Friday, September 28, 2007

Interbike Show Day 2 Report

After taking care of business catching up with our main vendors all during the first day of the show, today I thought I'd just show you a little eye candy. Let's start by returning to Bianchi. Here's their top-of-the-line road bike, the 928 Carbon SL. With Campagnolo Record Carbon components, it comes in at just 14.3 pounds!
A bike shop called The Bike Nut in San Diego took the 928 Carbon SL frame and swapped out some of the components for even lighter weight options. This custom version is a complete, ridable bike at only 11.1 pounds!

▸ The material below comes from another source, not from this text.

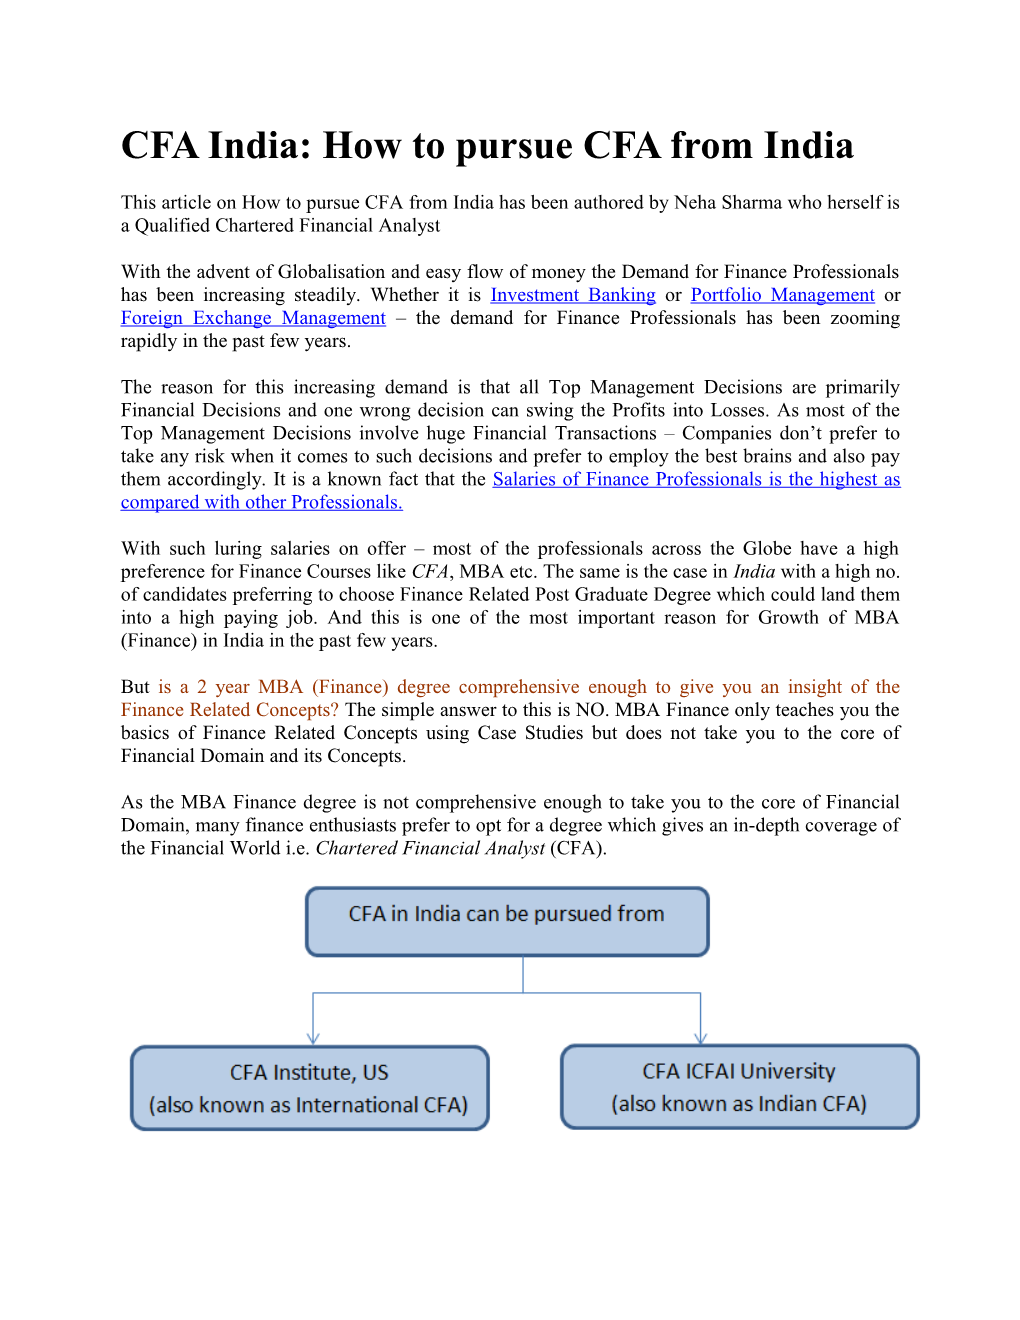 CFA India: How to Pursue CFA from India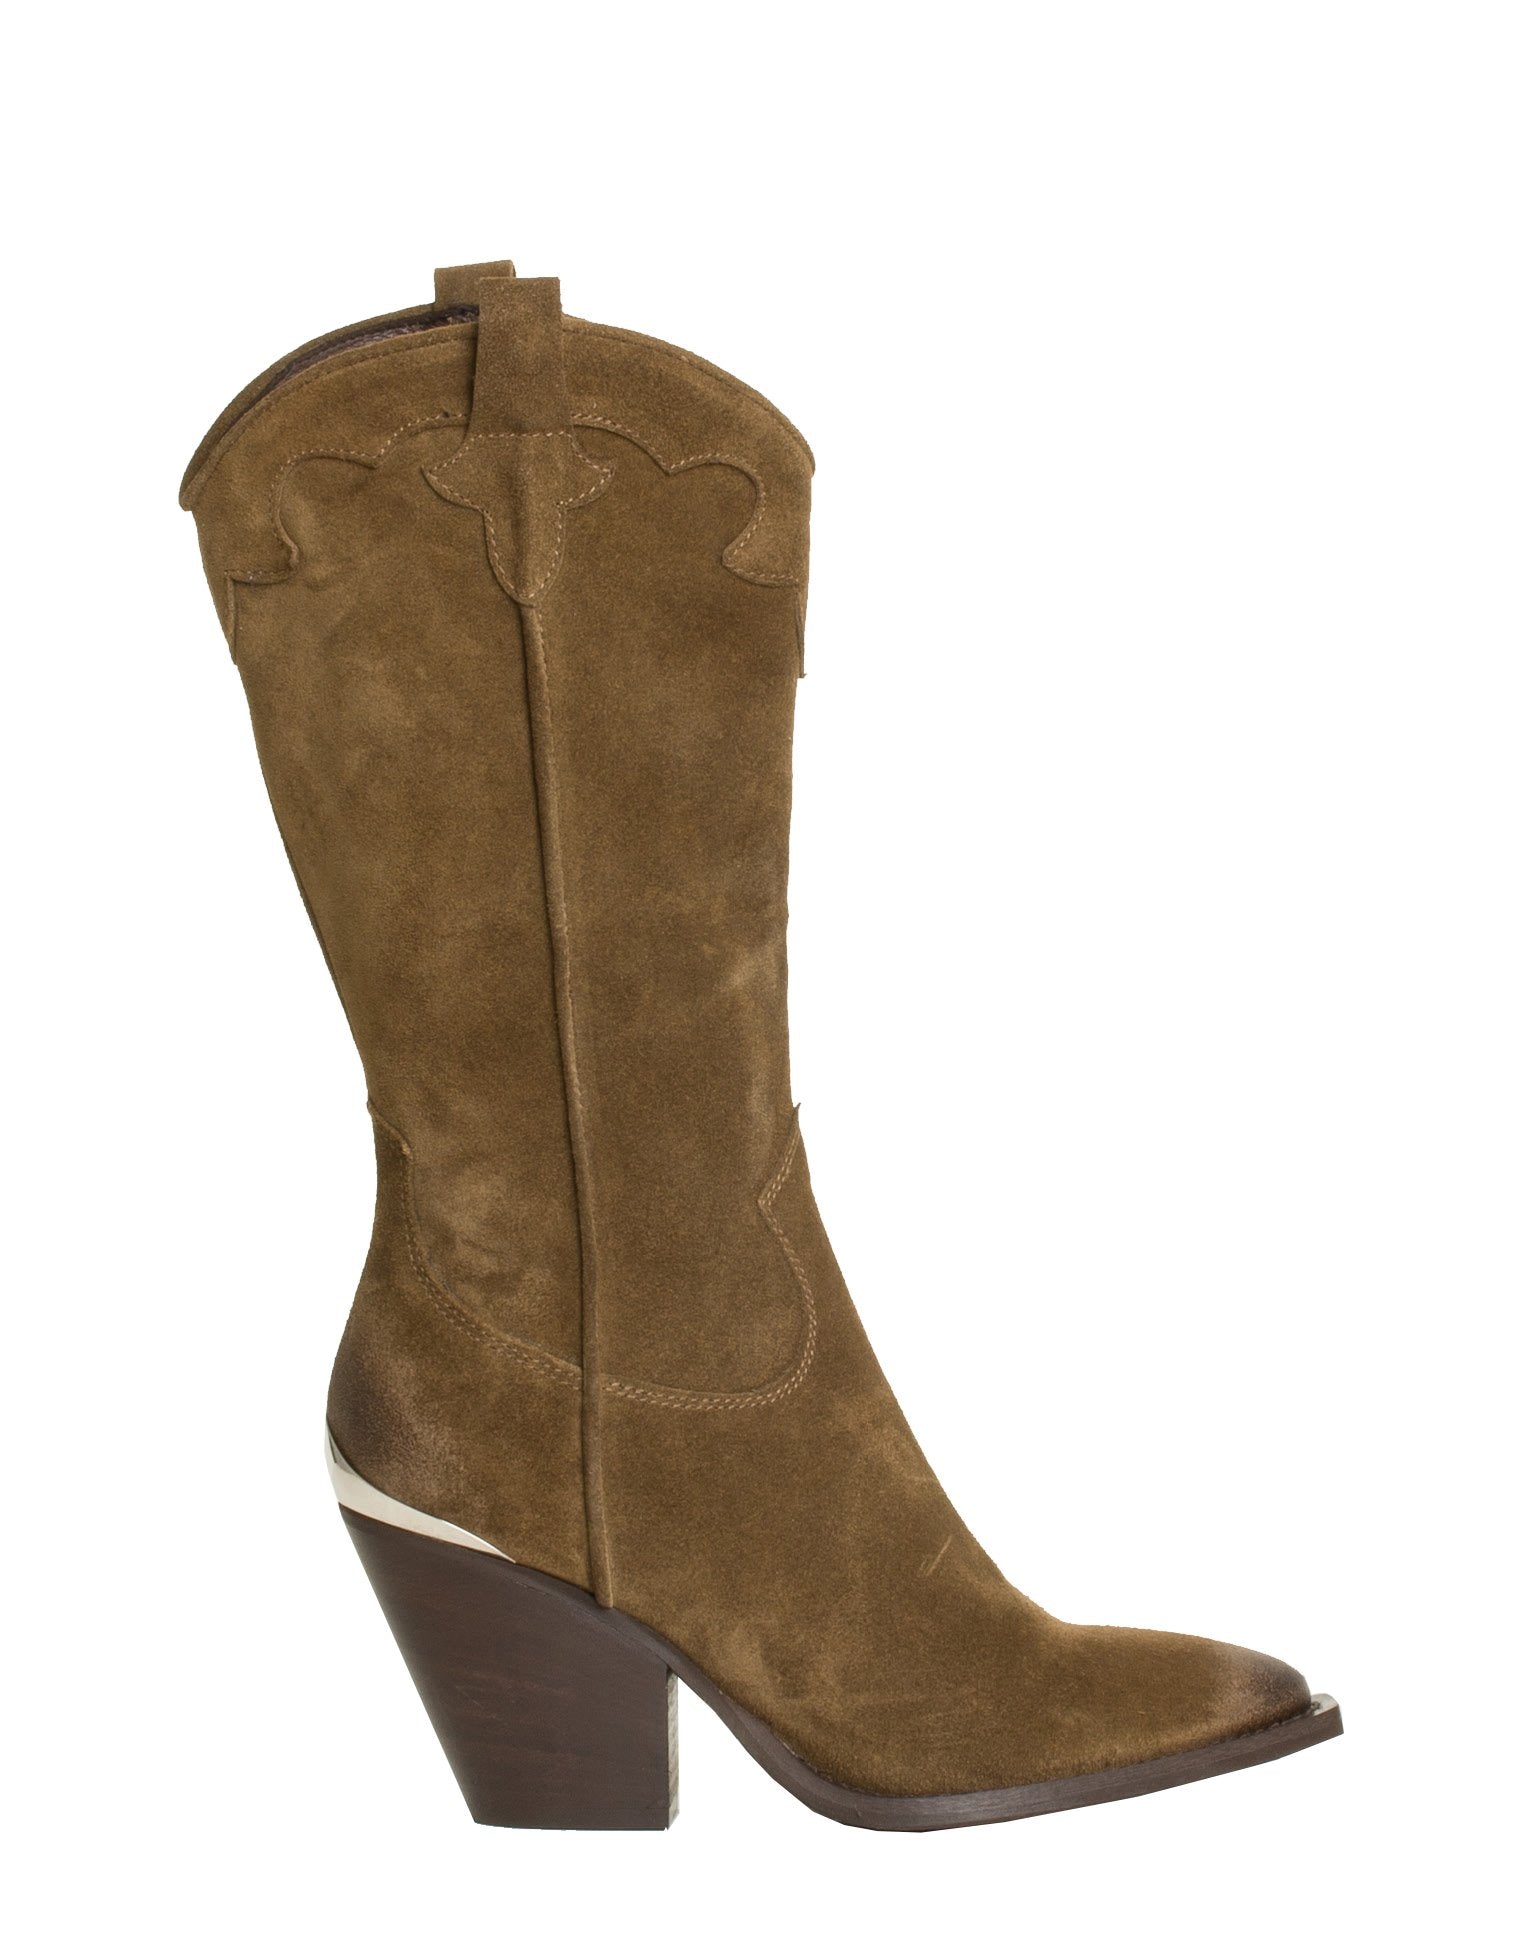 Brooke Suede Antelope Boots BROOKE-ANTILOPE-1 - 11

Vicious Cycles is a small custom frame builder based in New Paltz, New York. They do amazing things with their paint jobs, as you can see from these two samples:

The two bikes above are mountain bikes that use the 650B wheel size, which is NOT the same as the 650C wheel size found on some triathlon and women's bikes. After reading all of my talk about 29er mountain bikes, you'd think that the last thing we need is another wheel size, but there are those out there who are always looking for an excuse to push the envelope. The original 26" mountain bike tire standard came about more or less by accident, as that was the only size tire available in a wide, knobby version when mountain bikes were first developed. There are those who think that the new 29" wheels force too many compromises in frame geometry, and that the 650B size (roughly 27.5") provides the best balance of traction, handling, and strength. As was originally the case with 29" wheels, there aren't a lot of options from manufacturers at this point for rims and tires. I asked the guy from Vicious how these bikes felt in their test rides, and he said "I don't know." They are brand new and these two in particular have never been ridden; they wanted to keep them clean for the show!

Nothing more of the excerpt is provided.